Considerable attention was given to the logistical requirements of the invasion. Russian authorities organized the accumulation of provisions, forage, transport animals and supply depots, while military officials collected maps, fortress plans and intelligence regarding roads, communications and strategic routes throughout East Prussia, Lithuania and Poland. Irregular formations, including Don Cossacks, Sloboda Cossacks, Kalmyks, Bashkirs and Kampaniyskiy units, were assigned supporting roles in reconnaissance, raiding and screening operations, increasing the army's ability to operate in unfamiliar territory.

By the end of 1756, the concentration of Russian forces along the western frontier had progressed significantly. Reports submitted by Apraksin recorded the arrival of regular cavalry, Cossack formations and other detachments in assembly areas across Livonia, Courland, Lithuania and Poland, creating the force intended for the invasion of East Prussia.

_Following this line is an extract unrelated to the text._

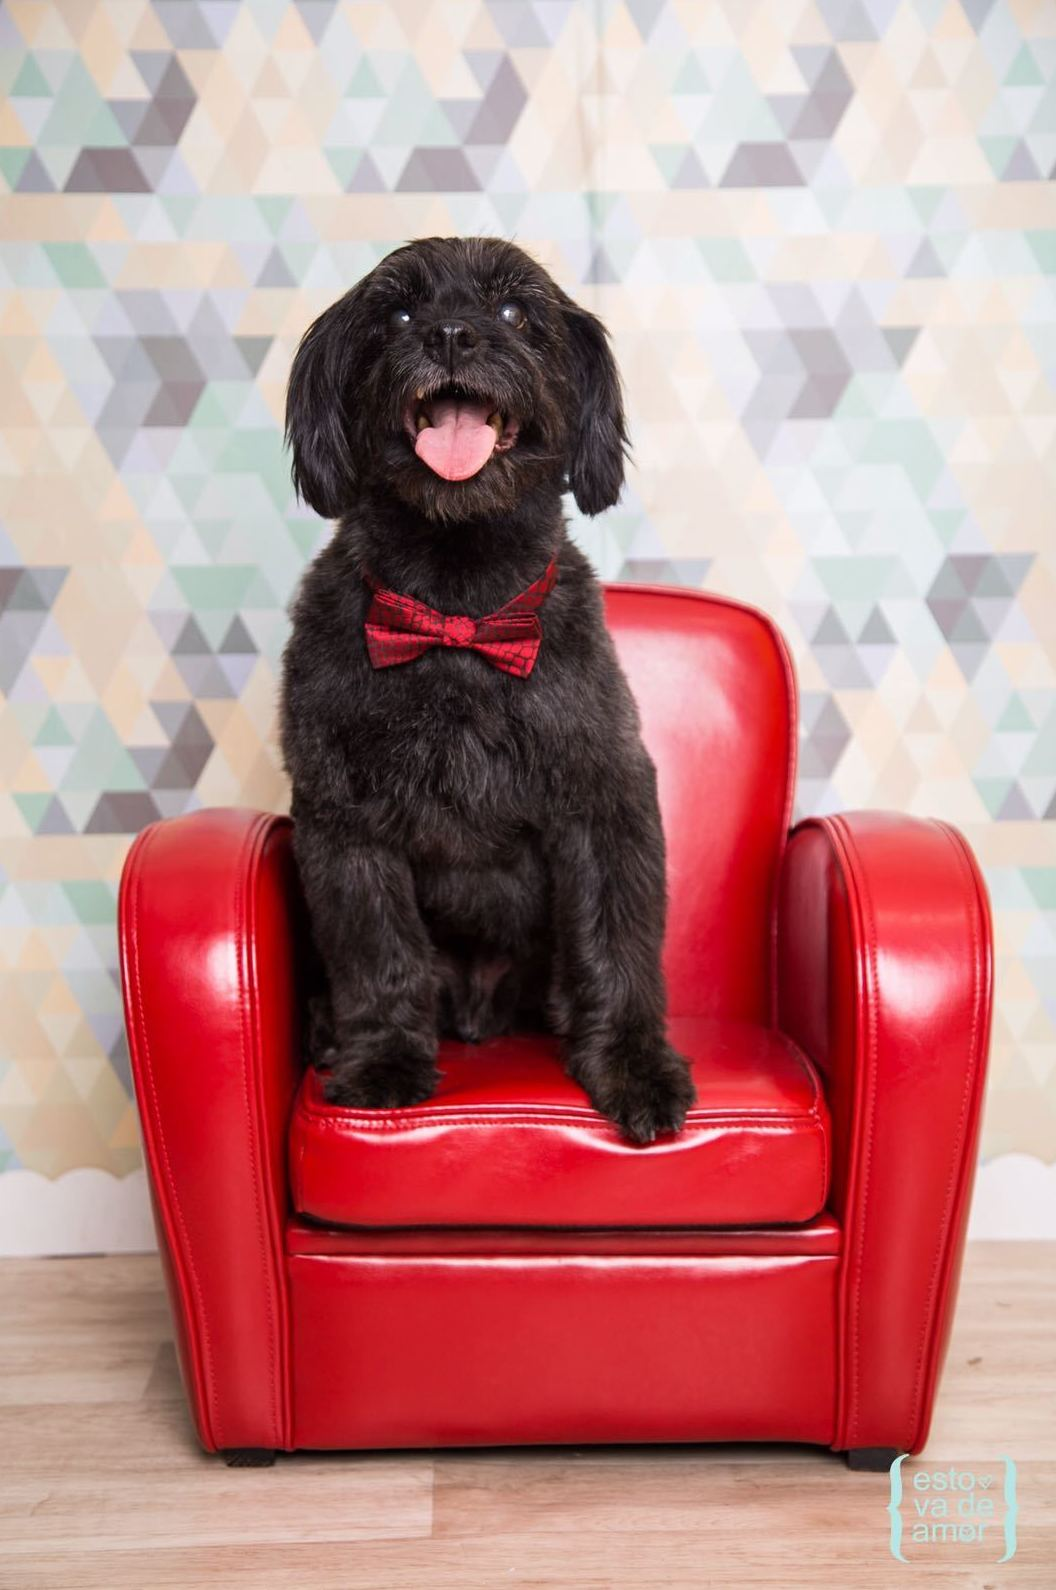 Estetica Canina Sants

The army prepared for the invasion of East Prussia while still facing significant logistical difficulties. Contemporary Prussian observers noted that although Russian artillery possessed excellent equipment, the army lacked an independent supply transport system, forcing it to rely heavily on requisitioned local transportation. The Russian army was also affected by institutional problems at the highest level. In January 1756, the newly established Conference at the Imperial Court assumed responsibility for directing the strategic operations of the army, while the commander-in-chief, Field Marshal Stepan Apraksin, became dependent on the Conference for major decisions. This arrangement weakened the independence of the army's field command and complicated the administration of military operations and supplies. These deficiencies complicated operations and contributed to difficulties in maintaining supplies during the campaign. The Russian army was also affected by administrative problems at the highest level. In 1756, the newly established Conference at the Imperial Court assumed responsibility not only for directing the operations of the active army but also for its supply and various related administrative matters, while the War College retained responsibility for much of the army's ordinary administration. The division of responsibilities complicated the transmission of information and contributed to delays in dealing with the army's logistical needs.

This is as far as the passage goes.